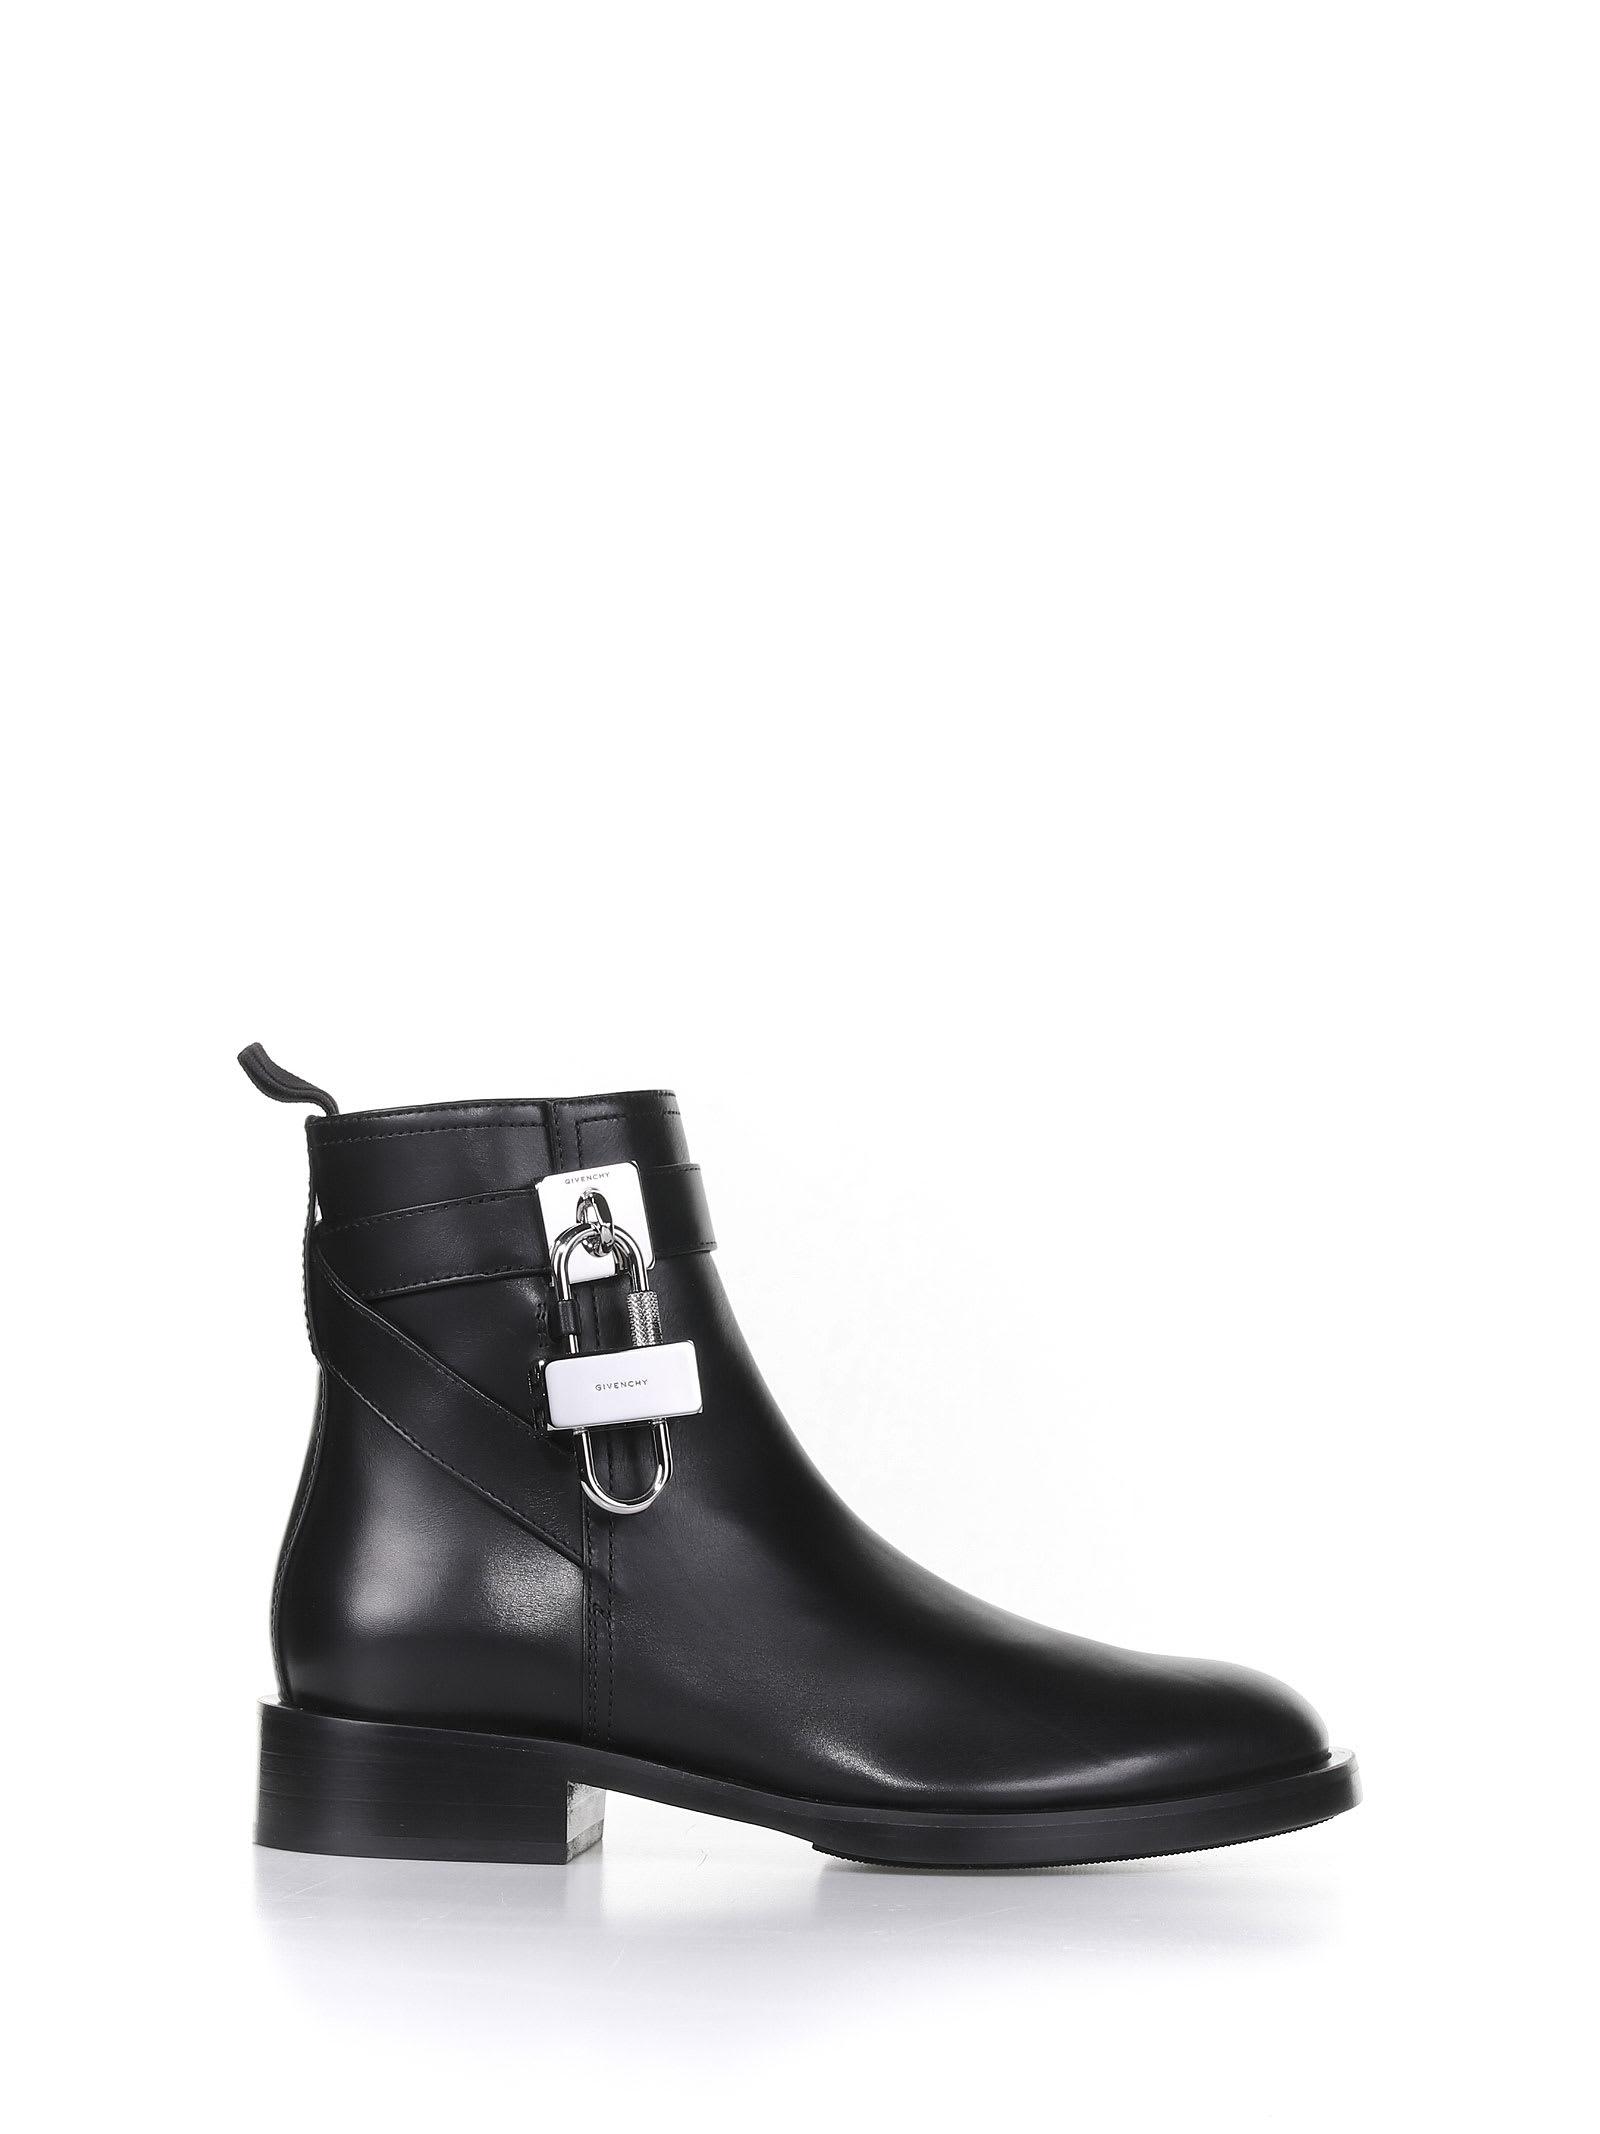 Givenchy Lock Ankle Boots - Women in Black | Lyst
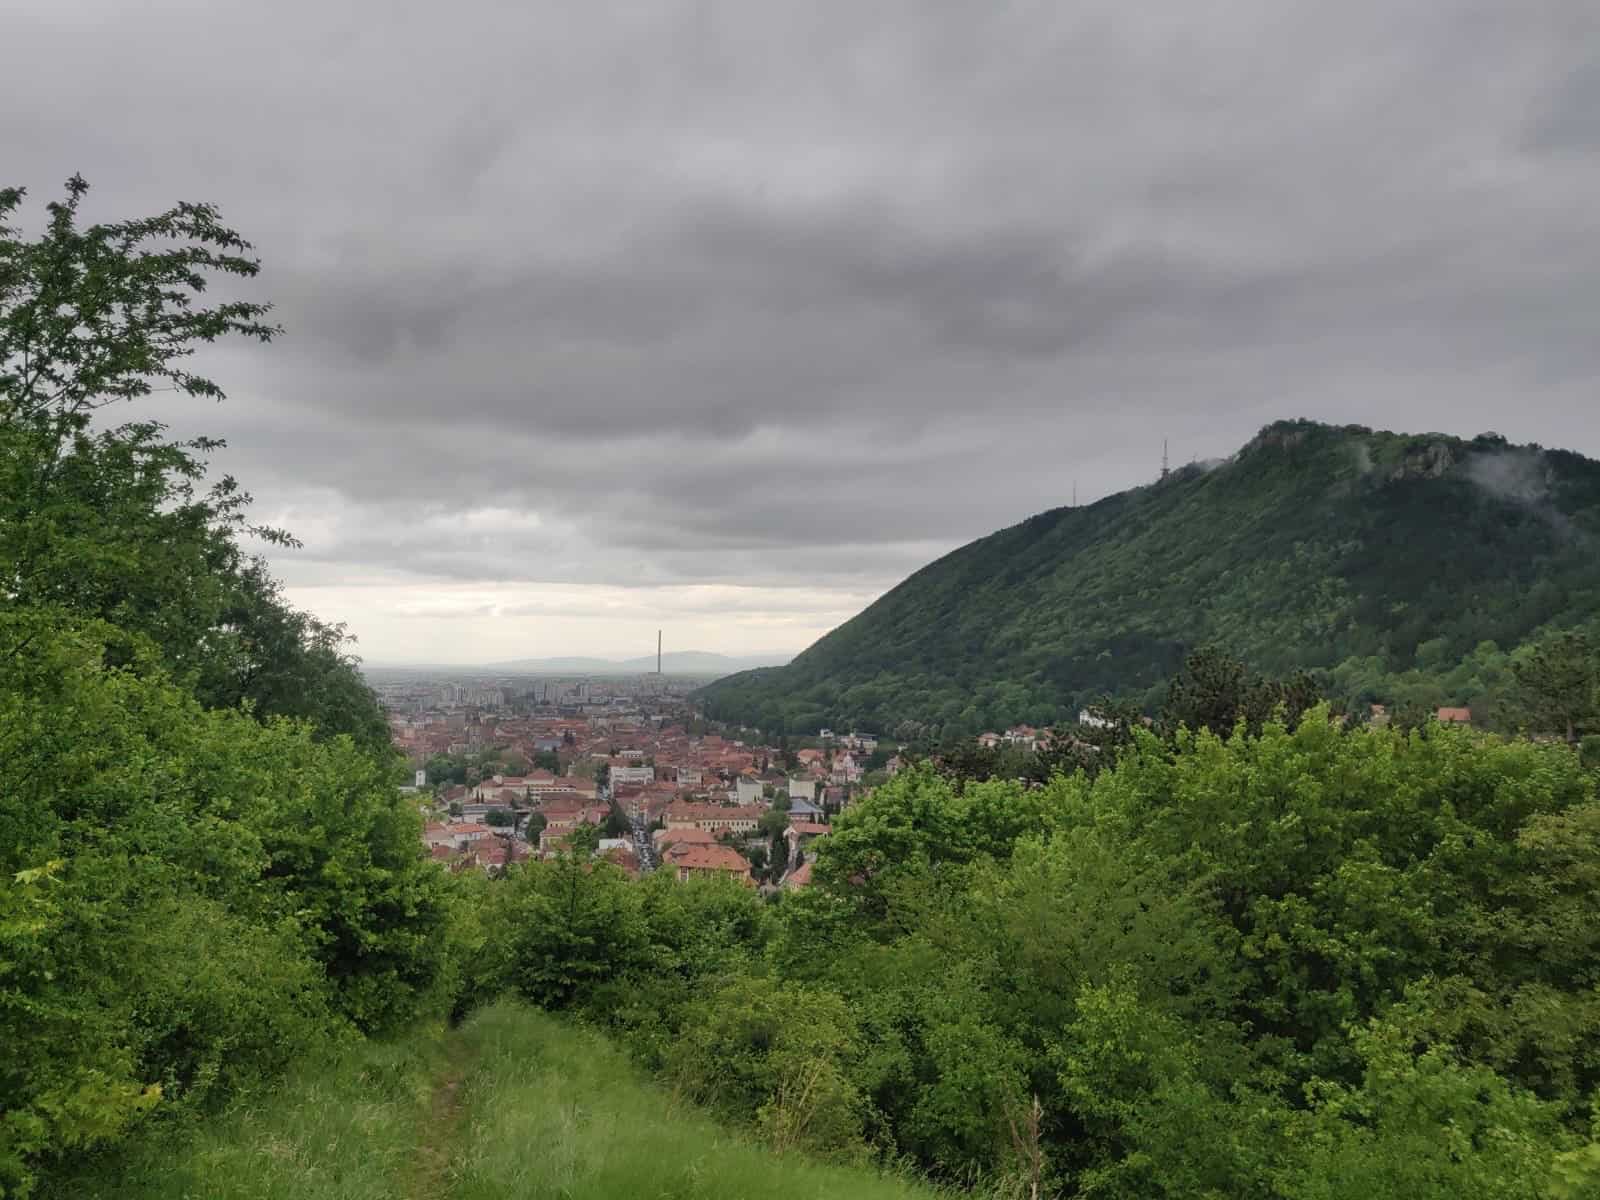 The view from above Brașov that morning
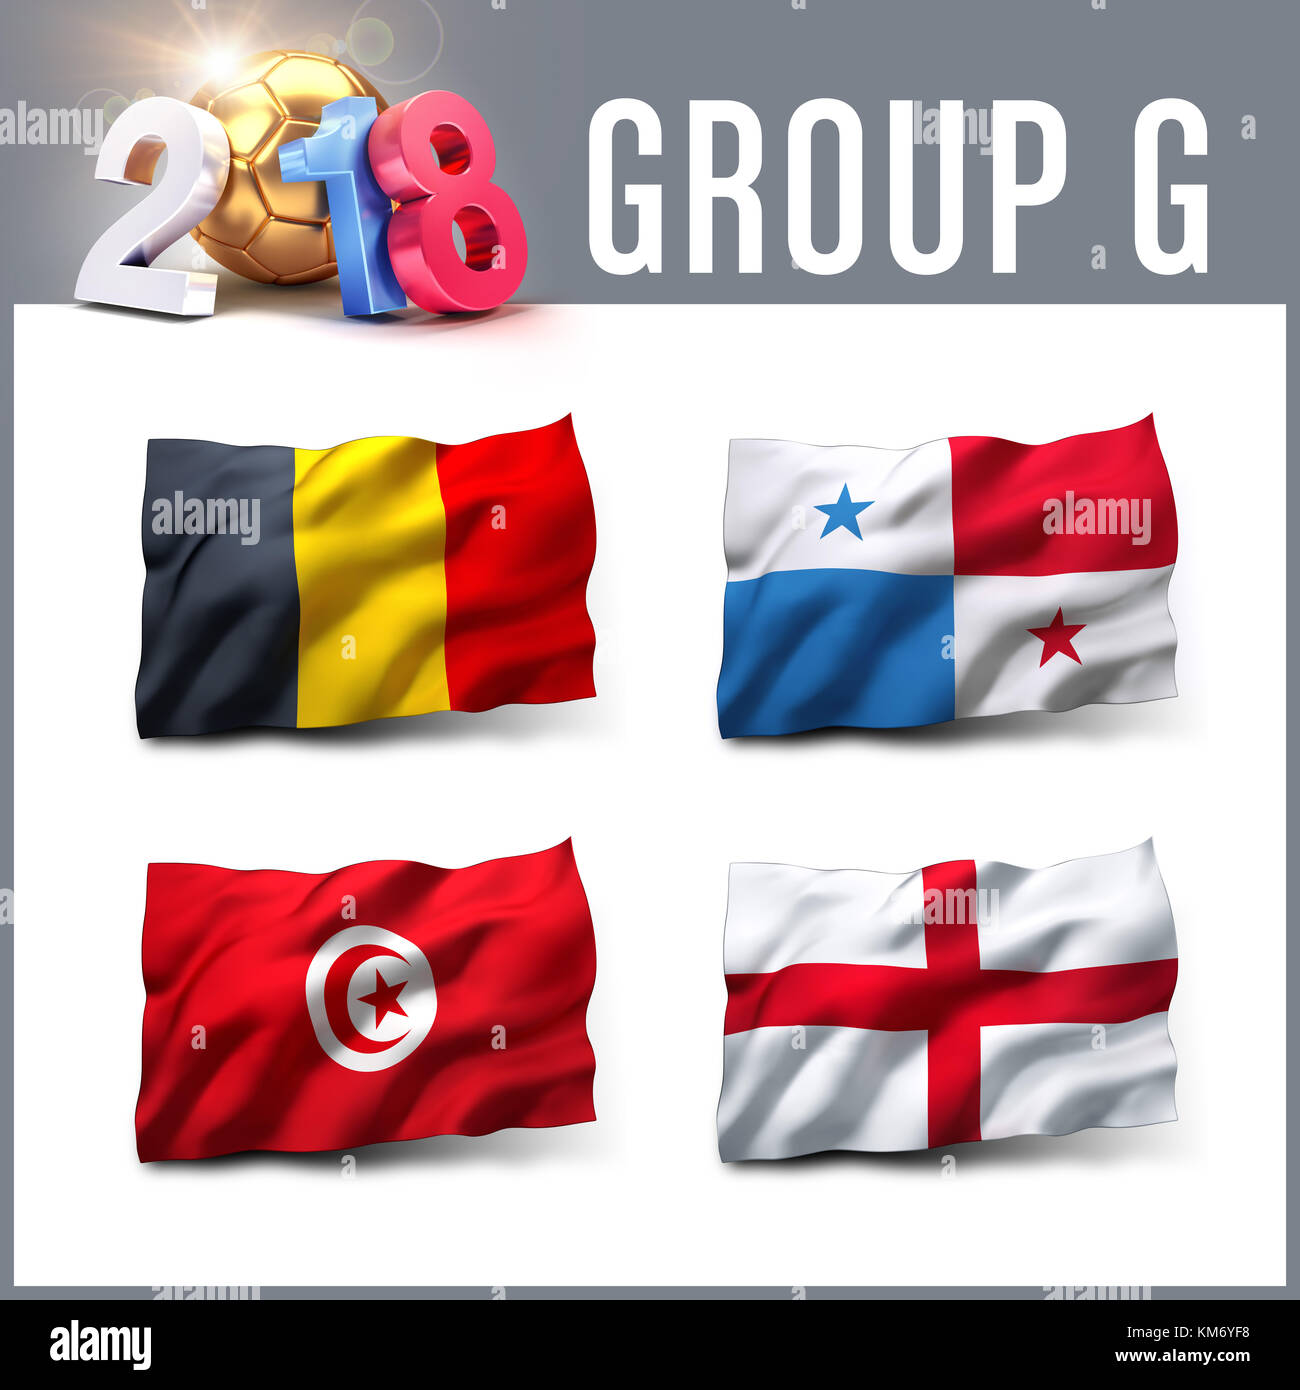 Russia 2018 qualifying group G with team flags. International soccer competition. 3D illustration. Stock Photo

→ What you are asked to do: An exact copy of the listing is required, with every image removed.

→ Response:
 Givenchy Lock Ankle Boots - Women in Black | Lyst
 The view from above Brașov that morning
 Russia 2018 qualifying group G with team flags. International soccer competition. 3D illustration. Stock Photo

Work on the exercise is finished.